Google Takeout notes

I finally got my Google Takeout archives downloaded, the most important of my cloud backups. I tend to prefer Google for my services so a lot of stuff is there dating back 20 years. Google Takeout is an excellent product. What’s in the dump?

I chose to download Takeout’s default: everything but Access Log Activity. It came to about 67GiB of zip files, 72GiB uncompressed.

The top level of the dump includes a nice HTML explanation of what’s in it. With per-product documentation for the types of files you’ll find there and what formats they might be in.

Here’s info on some of the meaningful data I found that I was expecting to see.

  • 9GiB: Mail. The biggest and most precious of all my Google data. All stored in a single .mbox file, which is awkward but not an unreasonable choice. The file is not date sorted. The volume per year is confusing: 2012 and 2020 are big at 13,000+ messages. 2019 I only had 6000. Maybe it’s spam related. There’s also a few extra data files for things like filters, blocked users, etc.
  • 35GiB: Photos. I’m a heavy user of Google photos. Contains both original and edited images, also metadata in a simple JSON format. A little confused at the directory structure; many of the files are in folders like “Photos from 2020” but some are in per-Album directories, I think there are duplicates.
  • 23GiB: Drive. If you asked me I’d tell you I didn’t use Google Drive. I have no idea how this got so big. The useful stuff there is copies of my Google Docs; spreadsheets mostly. The big stuff is a bunch of photos I then imported to Google Photos, I could probably delete them from Drive. It’s a very random and poorly organized collection of stuff.
  • 2.5GiB: YouTube. All the content I’ve created (videos, comments). But also detailed watch and search histories going back 11 years.
  • 0.3GiB: Groups. MBOX format archives of Google Groups I’m an admin for.
  • 0.1GiB: Contacts. VCF format contact lists.
  • 0.1GiB: Calendar. ICS format, single file.
  • 0.3GiB: Location History. JSON files tracking my movements, used for Google Timeline.

And some of the less interesting or accidental stuff.
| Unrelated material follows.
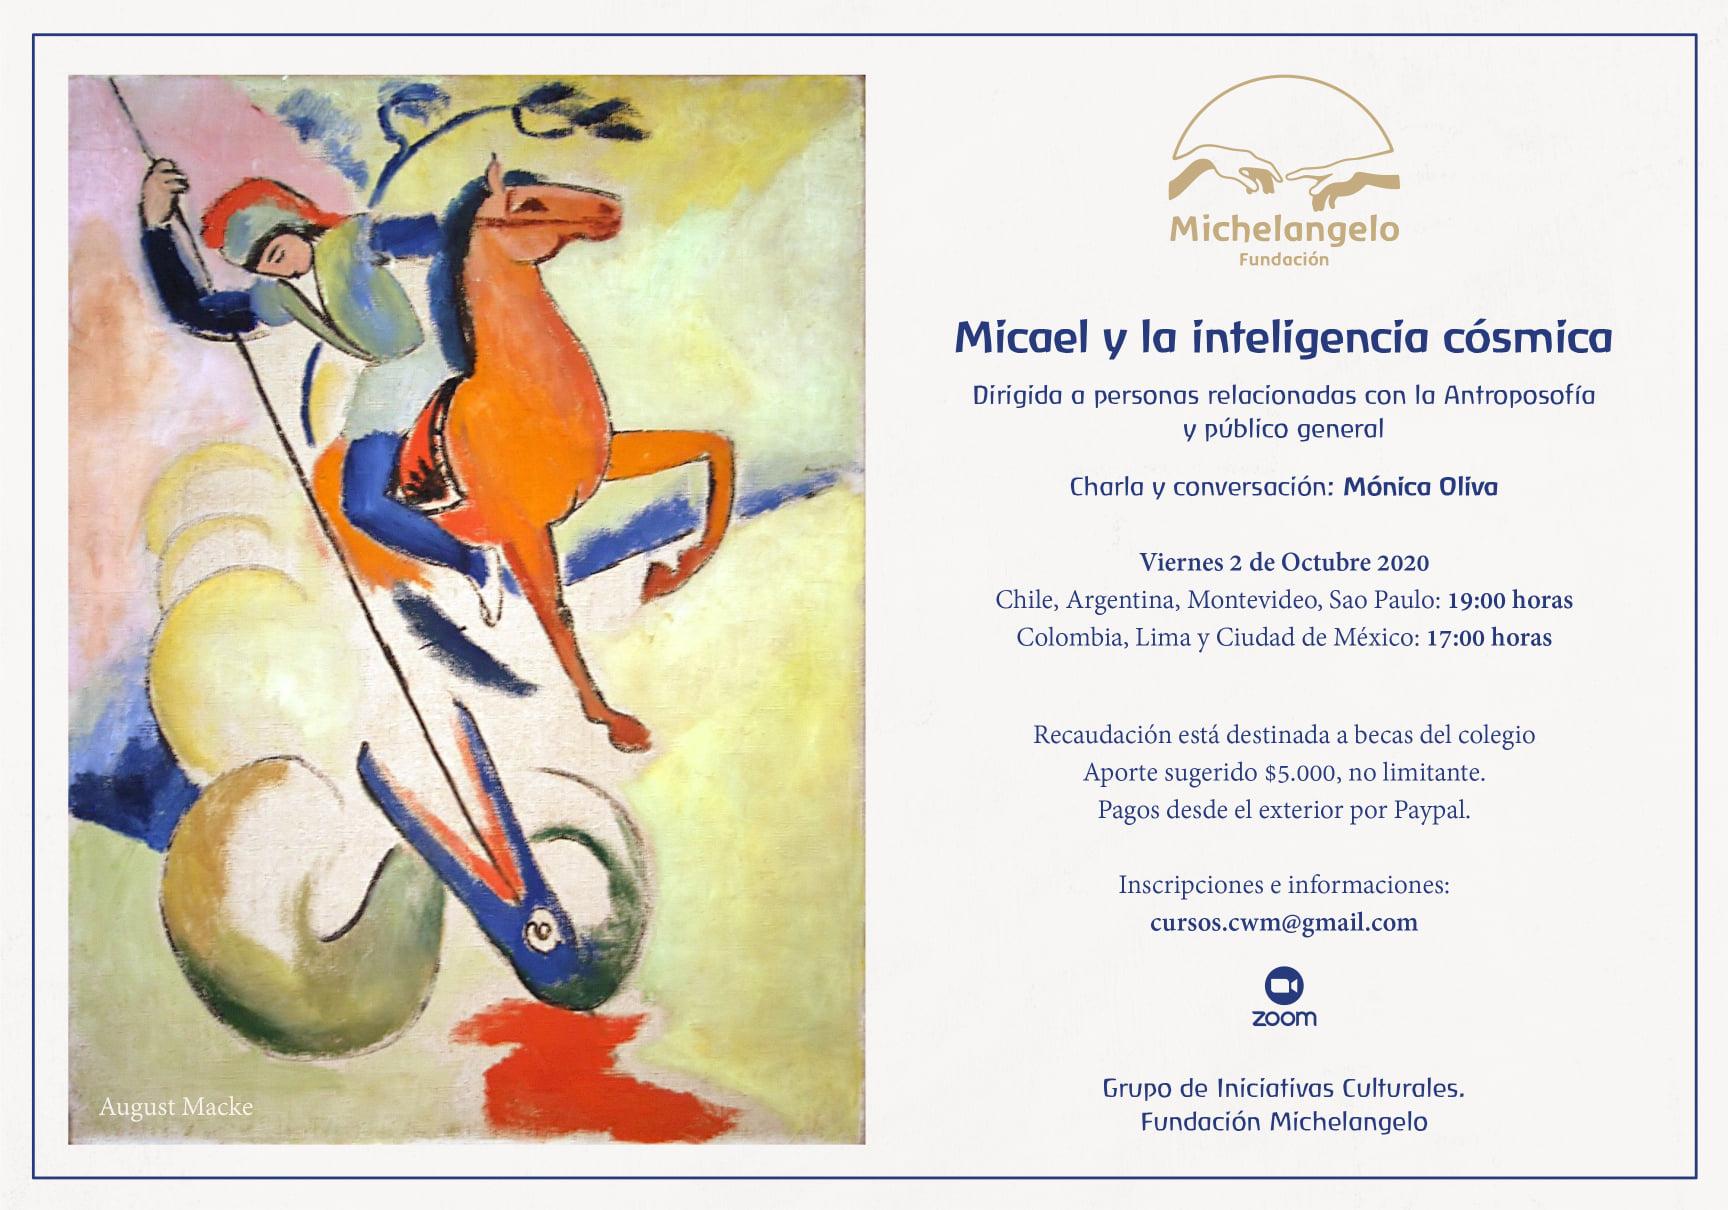 Micael y la inteligencia cósmica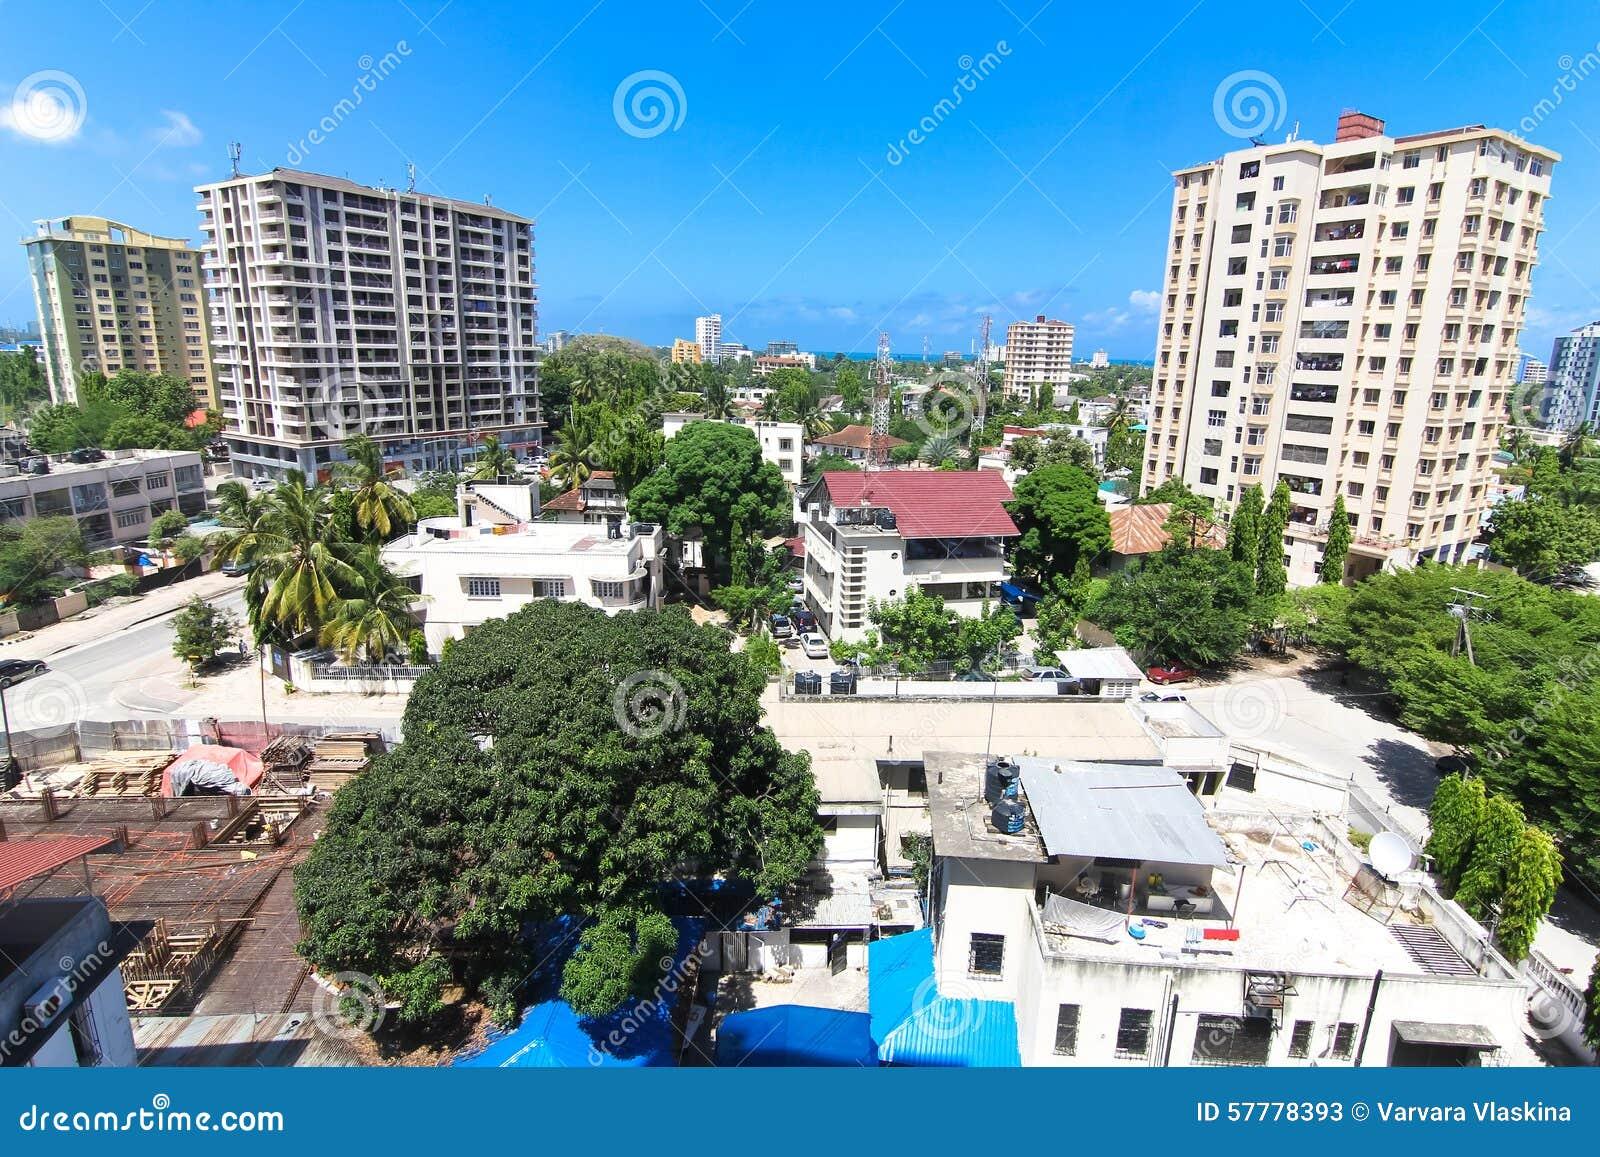 Nuove costruzioni moderne a Dar es Salaam, Africa Vista panoramica

  • 0.3GB: My Activity, Google Pay. The biggest surprise to me; Google records meticulous details on when I use specific products, there’s online version of the product here. Goes back at least 10 years and includes Android apps, details of what Google Map views I’ve looked at, credit card transactions, YouTube video views, every search query for two years. It’s all stored in a generic format that seems to apply across Google products. Also the dump is an absolutely terrible HTML format with like 4KB of styled HTML per record. Example of a record for an Android app launch:
  • 0.1GiB: Maps. Data spread out over several directories. Bookmarked places, some KMZ files for custom maps I made.
  • 0.4GiB: Location History. Google’s recorded where my phone has been since I first installed Google Maps. They have a nice history browser for this, I also built my own visualizer product for the data. I really like having it but I think most people would find it surprising and creepy Google keeps this.
  • 0.7GiB: Google Play Games Services, Google Play Store, Android Device Configuration Service, Recorder. Stuff related to my Android phone, including a record of every version of every app I’ve installed and some saved game state.
  • 0.8GiB: Nest, Google Home. Stuff about my thermostat. Including 2 years of detailed temperature readings, etc from my house.
  • 0.6GiB: Blogger. I forgot I ever had a Blogspot blog but google didn’t. Also records of my comments on a lot of other blogs.
  • 0.6GiB: Voice. I have a Google Voice number I basically never use. But it gets spam voicemails, for which sound files and text transcripts have been saved for 7+ years.
  • 0.4GB: Google Account, Profile. A record of a year of explicit logins (as opposed to passive authentication). Love the inactive account emails I apparently wrote a few years ago: “What a horrible thing, but apparently I’m no longer able to access my Google account which means I’m likely dead or incapacitated.”
  • 0.1GB: Chrome. I don’t use Chrome much so this is very small. Among other things it contains a history of visited URLs going back 3 months.
  • 0.1GB: Hangouts. An archive of some GChat messages from 2017?

I’m pretty sanguine about all this data. I want Google to be keeping a lot of data for me and I trust them to be careful caretakers of it. Some of it is incredibly useful; I was really excited when I learned Google Maps had my location history, for instance. Google does a reasonable job letting you control just what you can track and I really appreciate being able to download the data.

The My Activity stuff is the one thing that made me nervous. Partly the awful format is coloring my impression. (There’s several projects on GitHub that parse and analyze it.) But also they’re storing a lot of sensitive data in a generic way that’s not sensitive to the particular app. I don’t really care they have a record of my credit card transactions, but I am a bit nervous at this second record of my Google Maps views or the exact times and places that I launched Grindr. I believe Google keeps this data in this format for security audits.